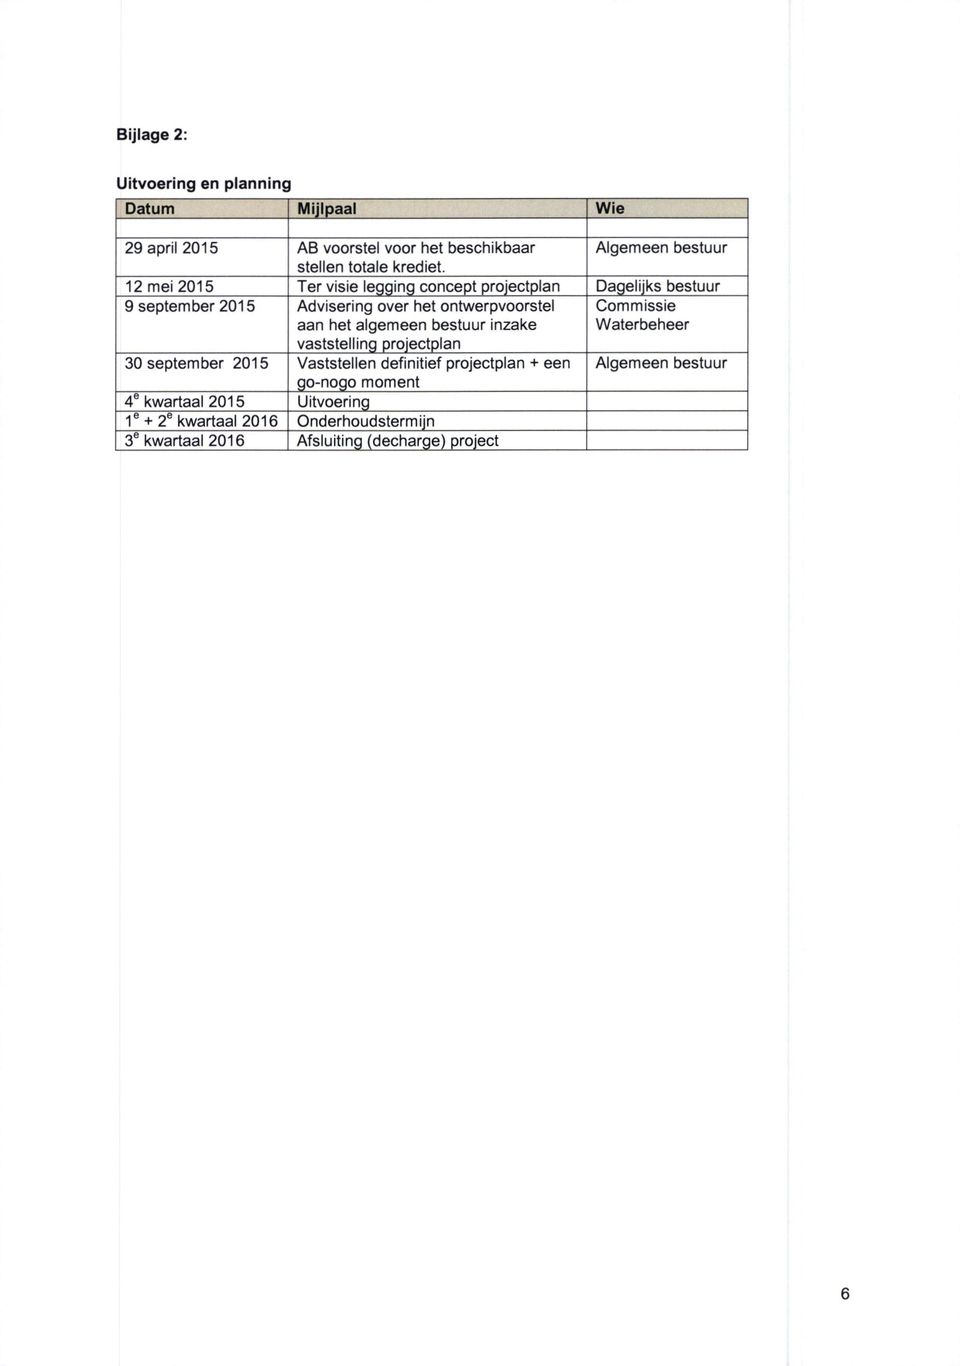 12 mei 2015 Ter visie legging concept projectplan Dagelijks bestuur 9 september 2015 Advisering over het ontwerpvoorstel aan het
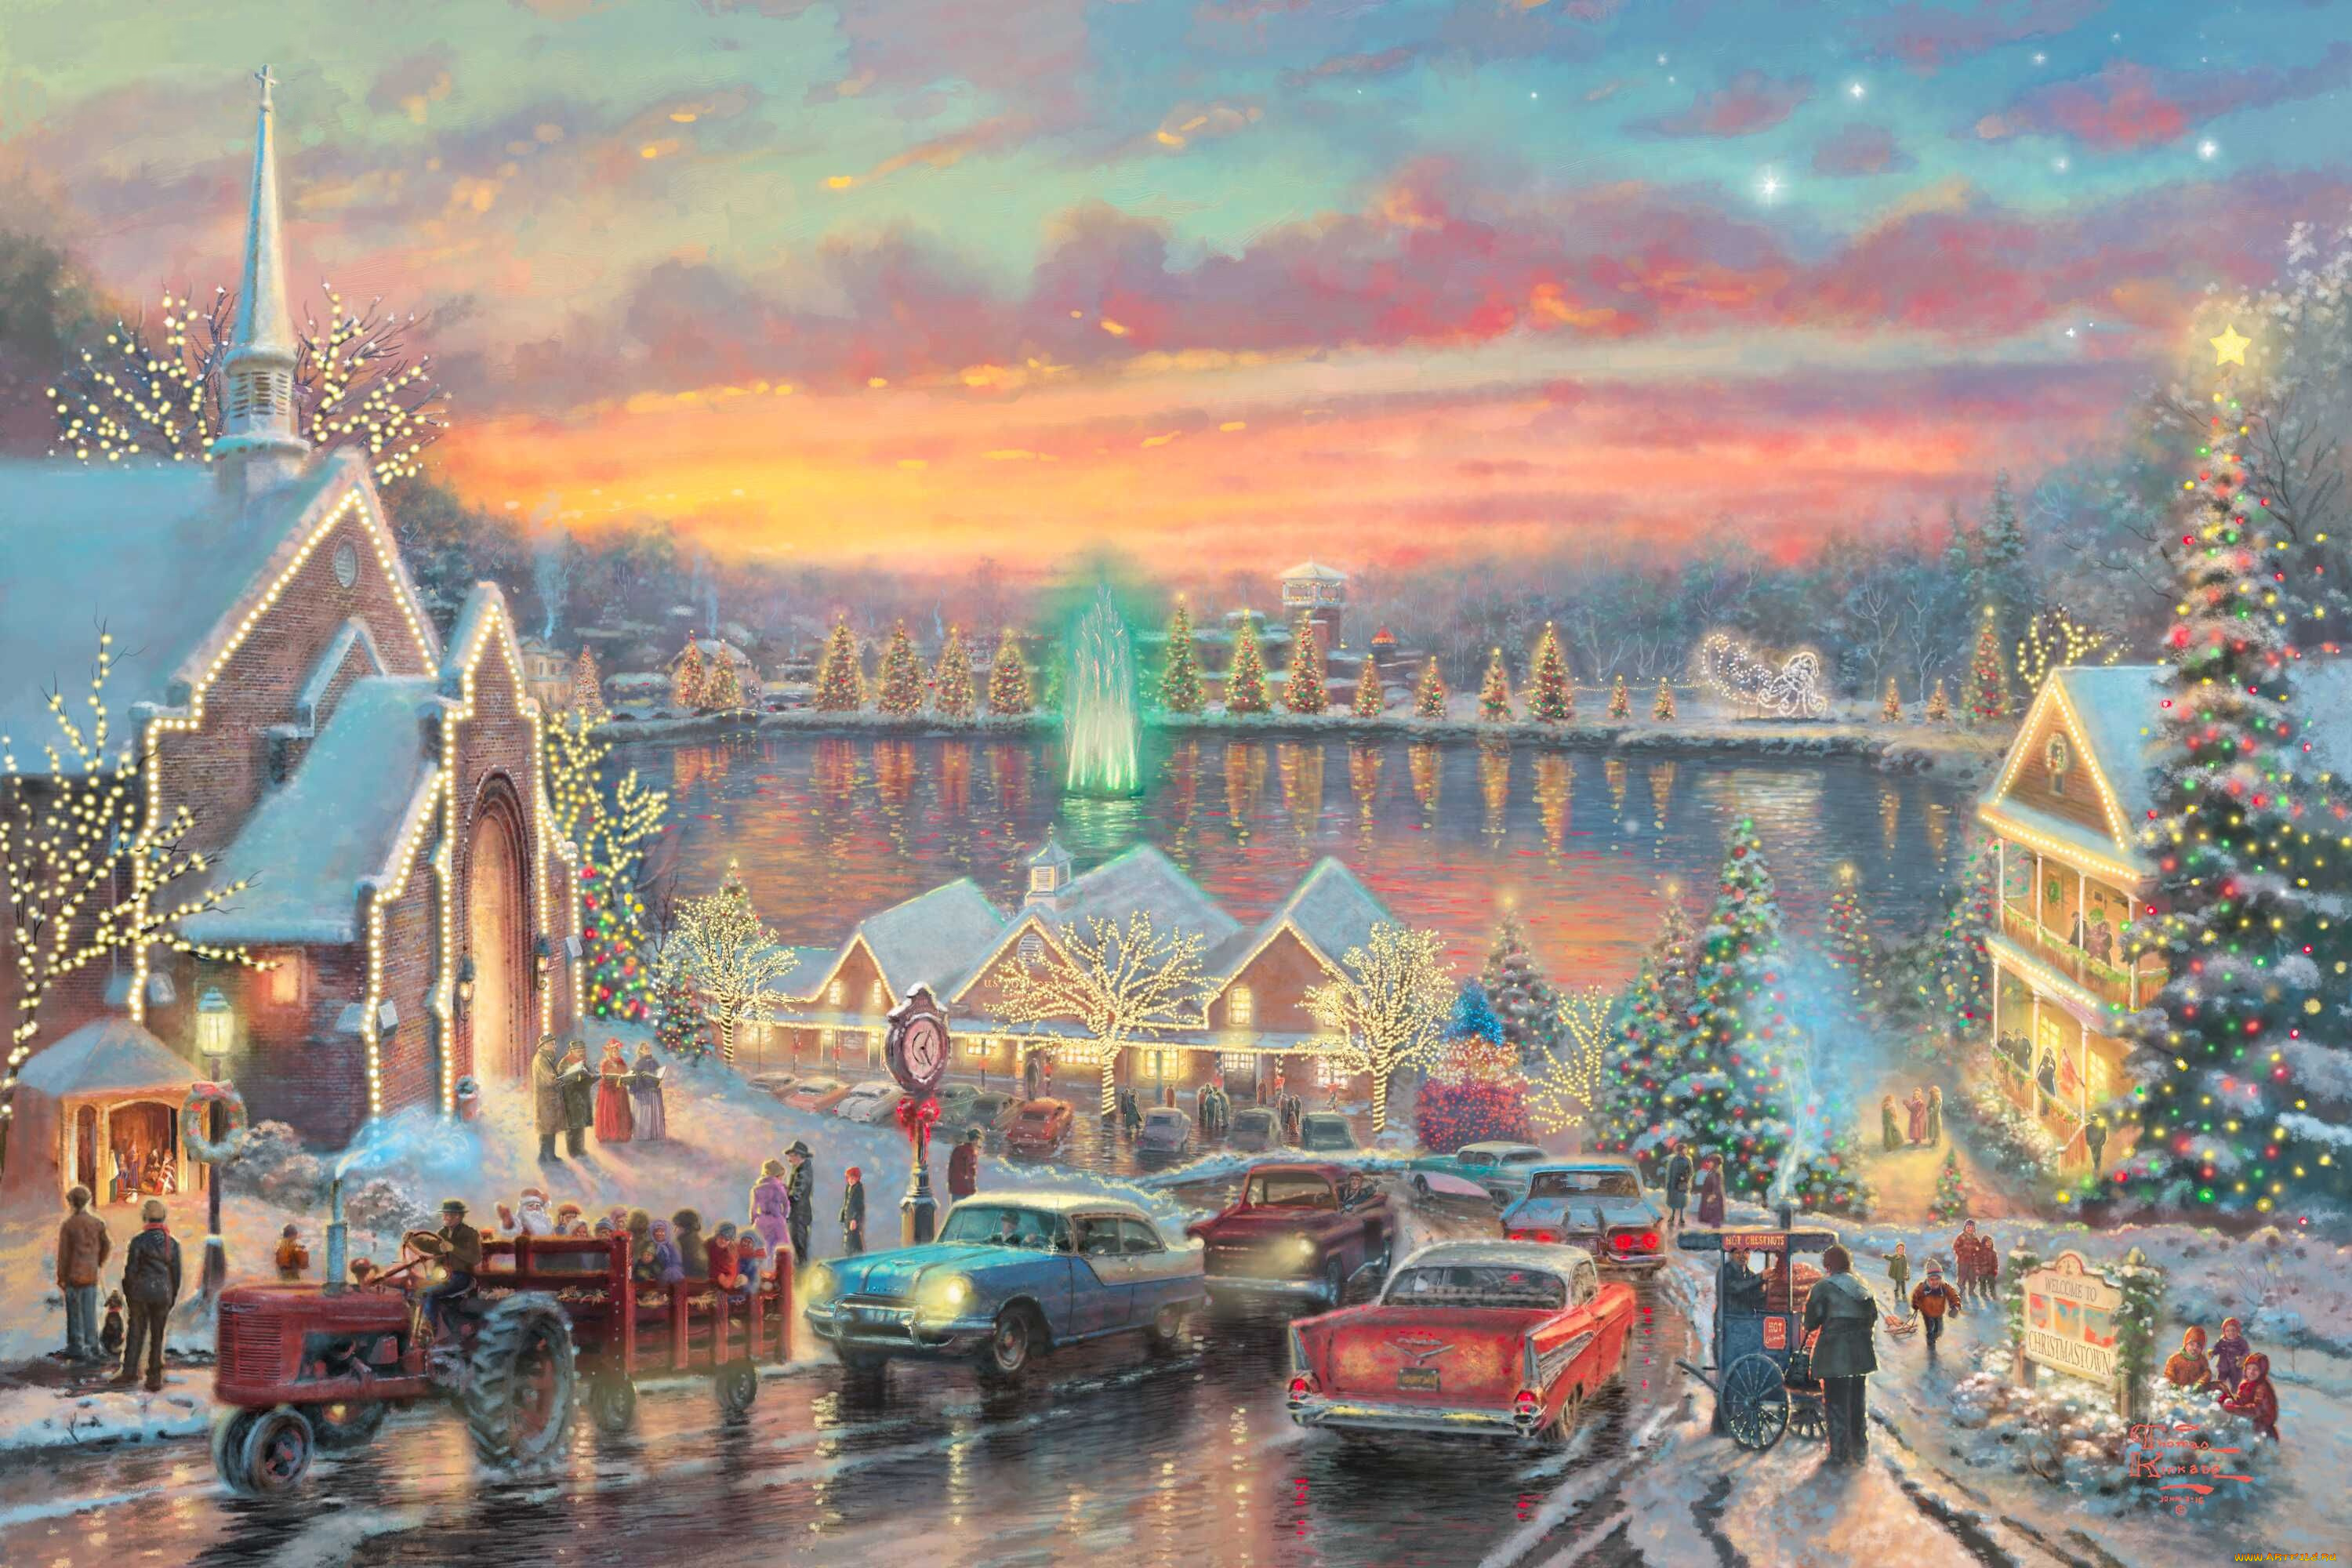 the, lights, of, christmastown, рисованные, thomas, kinkade, люди, рождество, северная, каролина, городок, автомобиль, елка
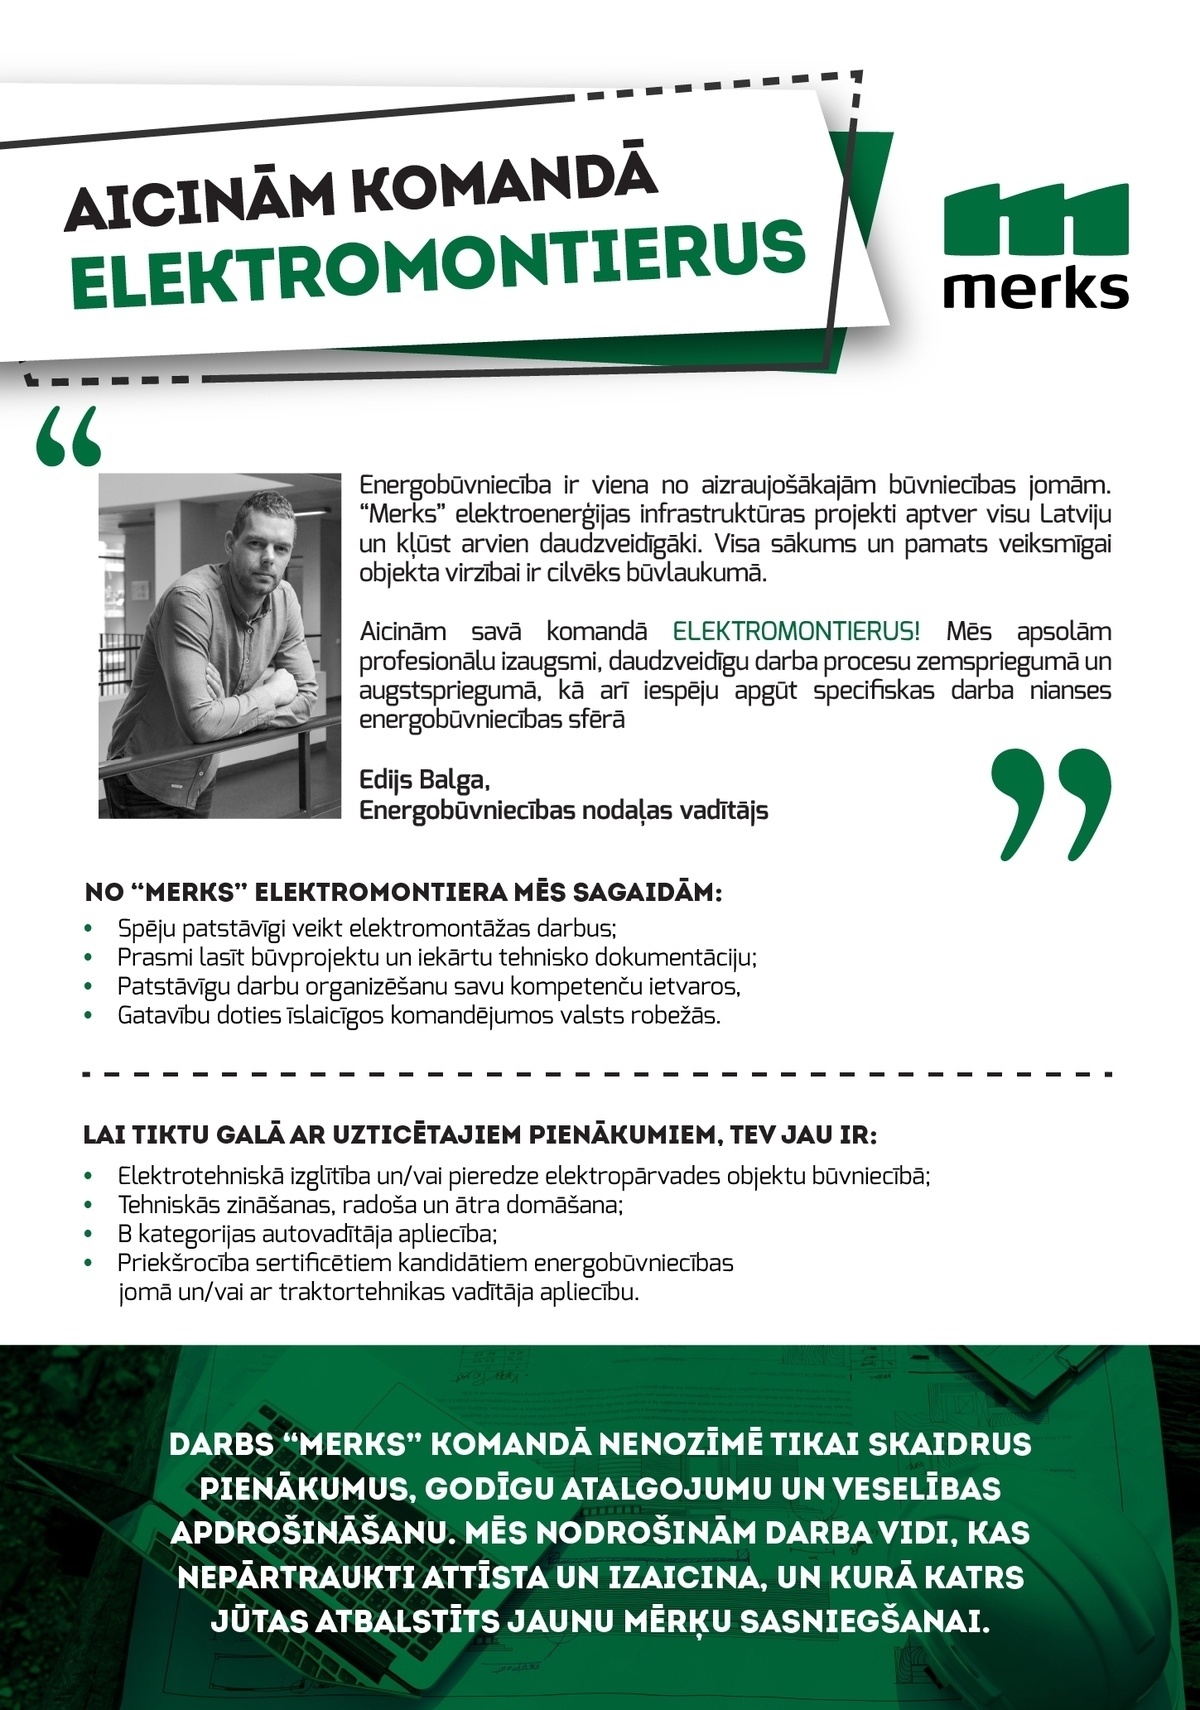 Merks, SIA Elektromontieris/-e
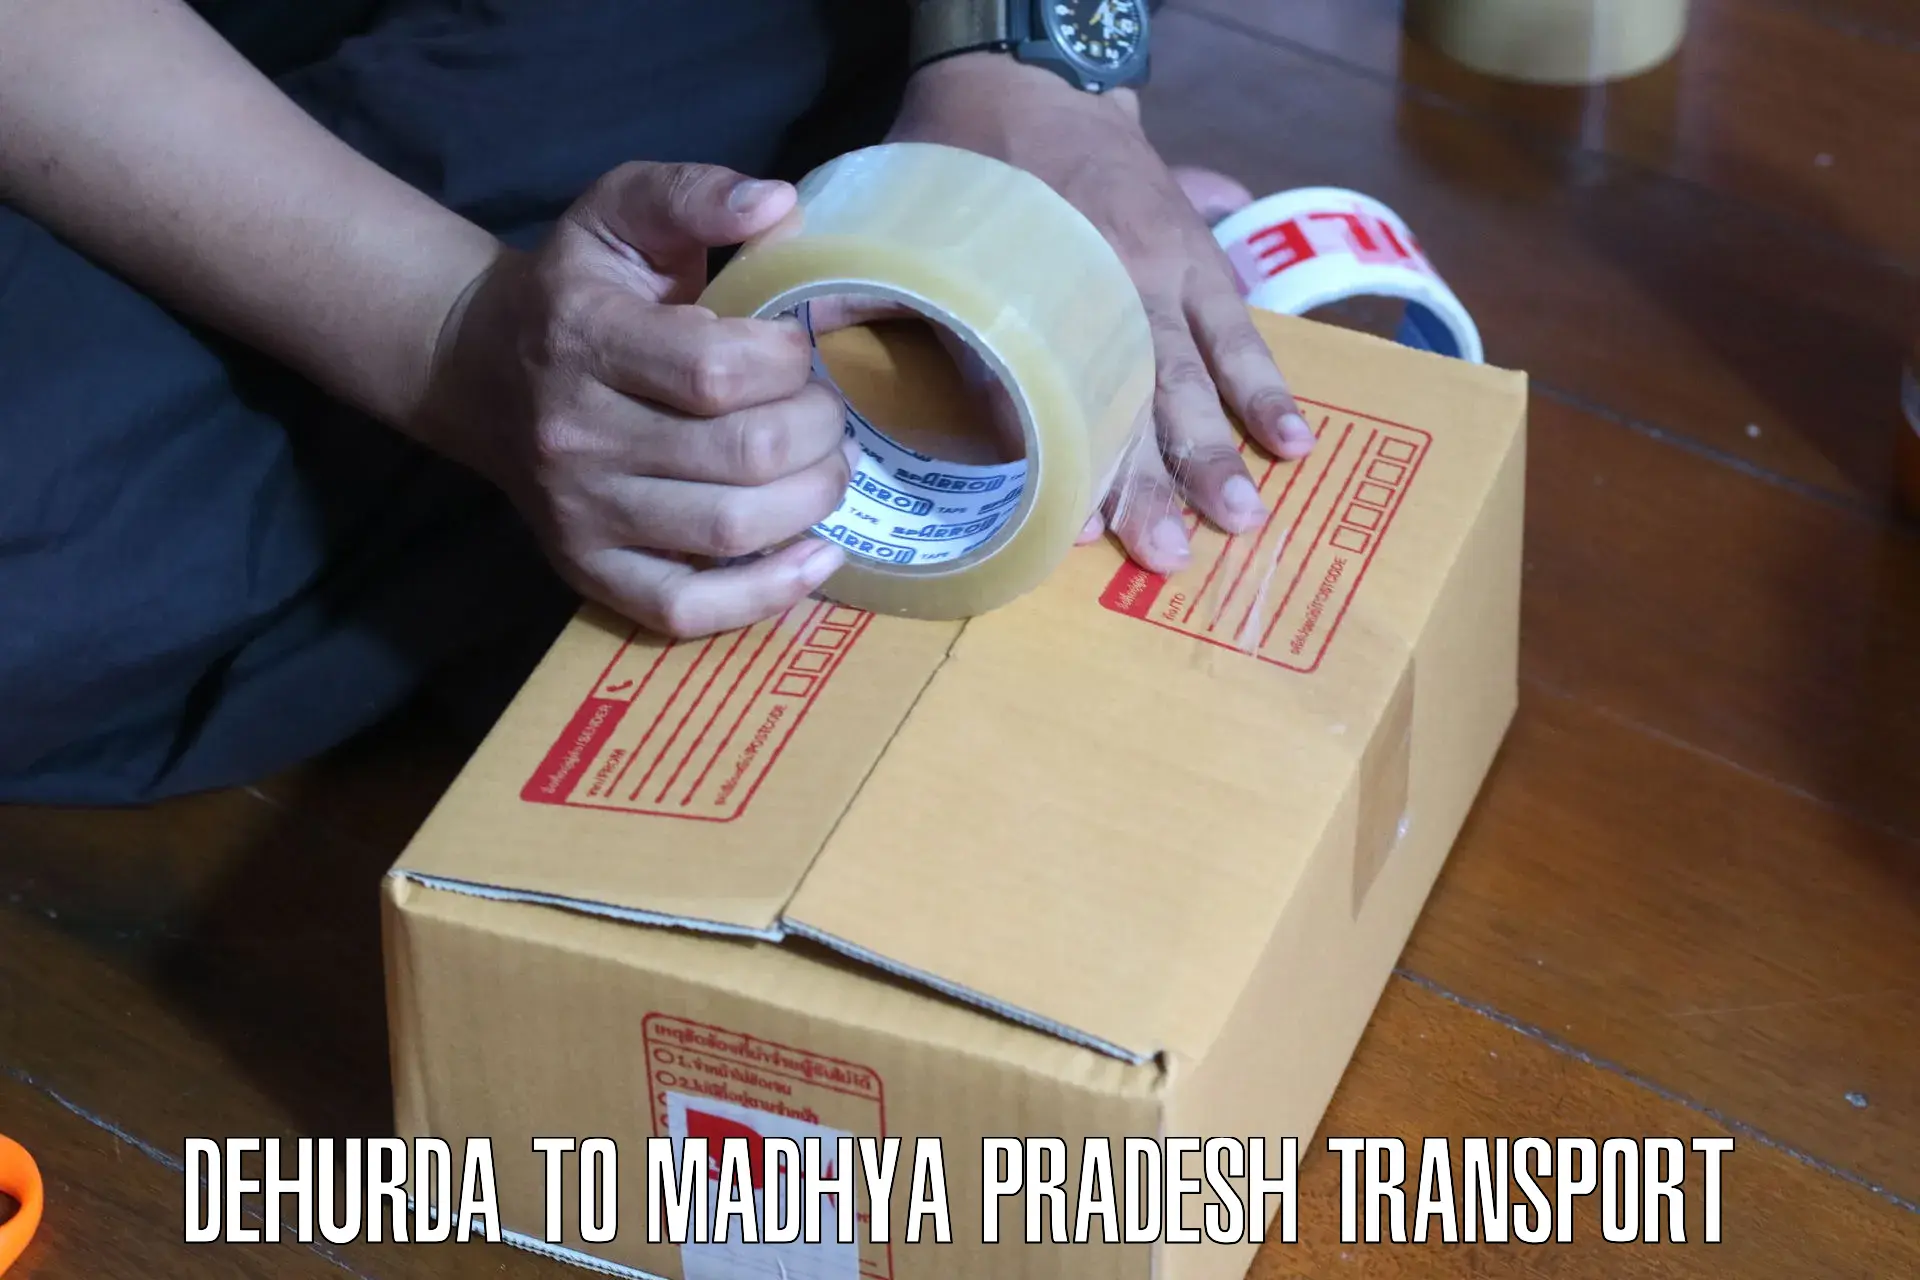 Material transport services Dehurda to Morar

* TASK OBJECTIVE *
Exact copy, no pictures: reproduce the whole listing above.

* RESULT *
 12 mei 2015 Ter visie legging concept projectplan Dagelijks bestuur 9 september 2015 Advisering over het ontwerpvoorstel aan het
 the, lights, of, christmastown, рисованные, thomas, kinkade, люди, рождество, северная, каролина, городок, автомобиль, елка
 Merks, SIA Elektromontieris/-e
 Material transport services Dehurda to Morar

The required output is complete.